Оставив поморье и междуречья блеклых равнин, неудержимо хлынули германцы за Дунай и Рейн, к стенам белых римских городов, и на восток, к далекому Днепру. С бурей и вихрем над ними летел грозный Оден, ветер свистал в крыльях валькирий, небесных воинственных дев.
Однако: то ли не теми, кому бы надо; то ли — теми, да не из тех деревьев; то ли — из тех, но под очень неудачным знаком был создан этот неугомонный народ; то ли каверзные девы-вещуньи Урдр, Верданди и Скульд зло подшутили над ним, определив нелегкую судьбу; то ли людей иных племен их боги сотворили из дерева покрепче — скажем, дуба, или даже из меди, гранита, железа, но участь свирепых воителей оказалась плачевной.

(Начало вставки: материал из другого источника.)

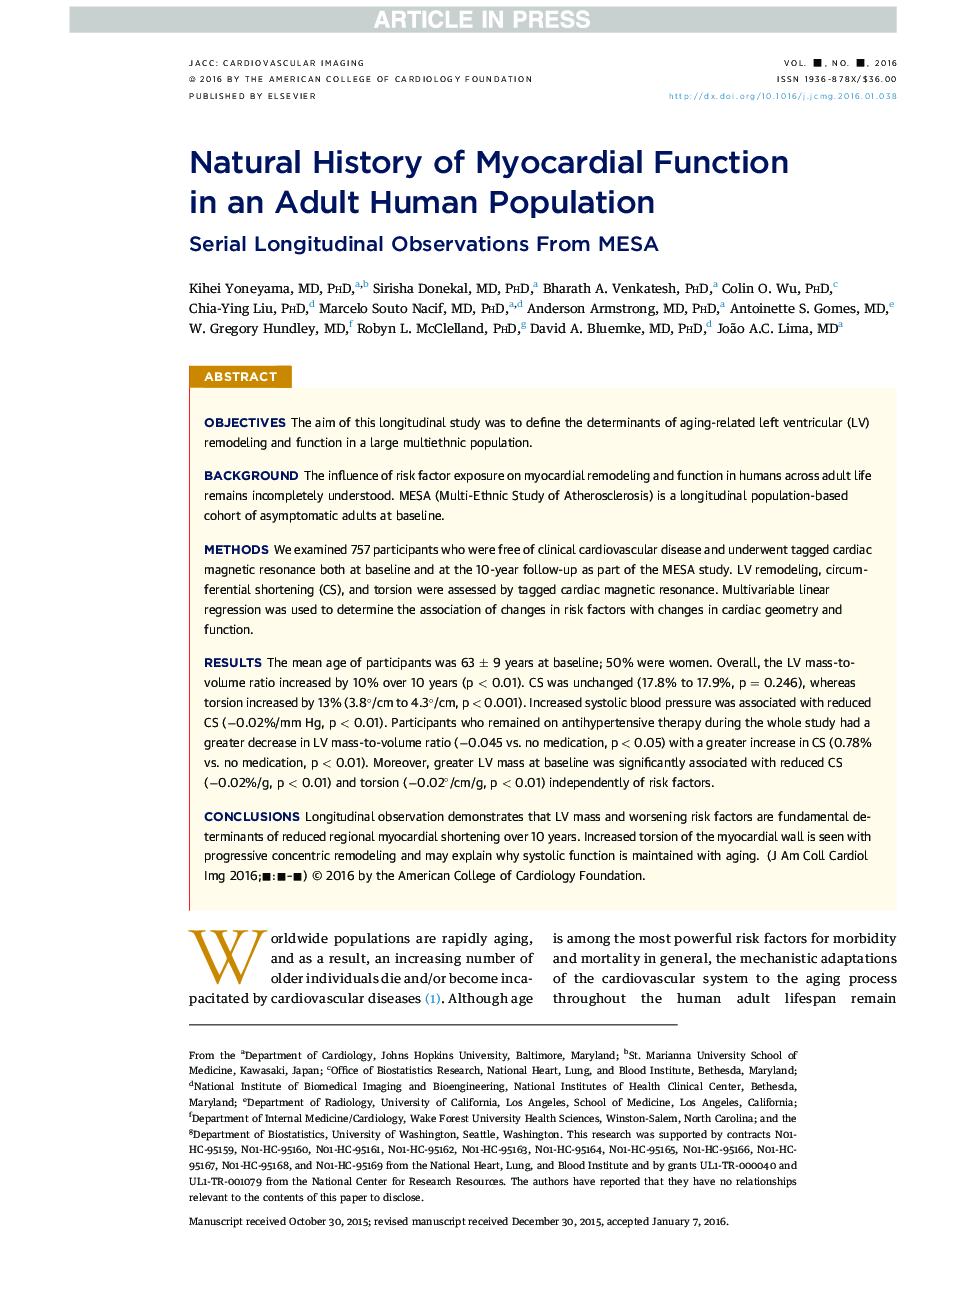 Natural History of Myocardial Function inÂ an Adult Human Population

Повезло лишь осмотрительным, спокойным, что отшатнулись от Одена к ясному Фрейру, весеннему Бальдру, Тору-кузнецу, светлым богам труда и плодородия. Что старались держаться исконных земель, предпочитая ячменное желтое поле багровым полям кровопролитных сражений. Они избежали смерти, распыления, сохранили в целости свой древний корень.
Зато, странное дело, самые упорные, неукротимые, которых увлек исступленно ревущий Оден, потерялись в незнакомых странах, перестали существовать. И хуже всех пришлось непоседам, что ушли дальше других, соприкоснулись с Востоком,
Готам, оседлавшим Черноморье, выпал от хуннов столь мощный удар, что их днепровская, остроготская, ветвь с громом катилась до римских дымных холмов, где и распалась, а придунайские, то есть вестготы, не могли остановиться до тех пор, пока не уткнулись в Геркулесовы столпы.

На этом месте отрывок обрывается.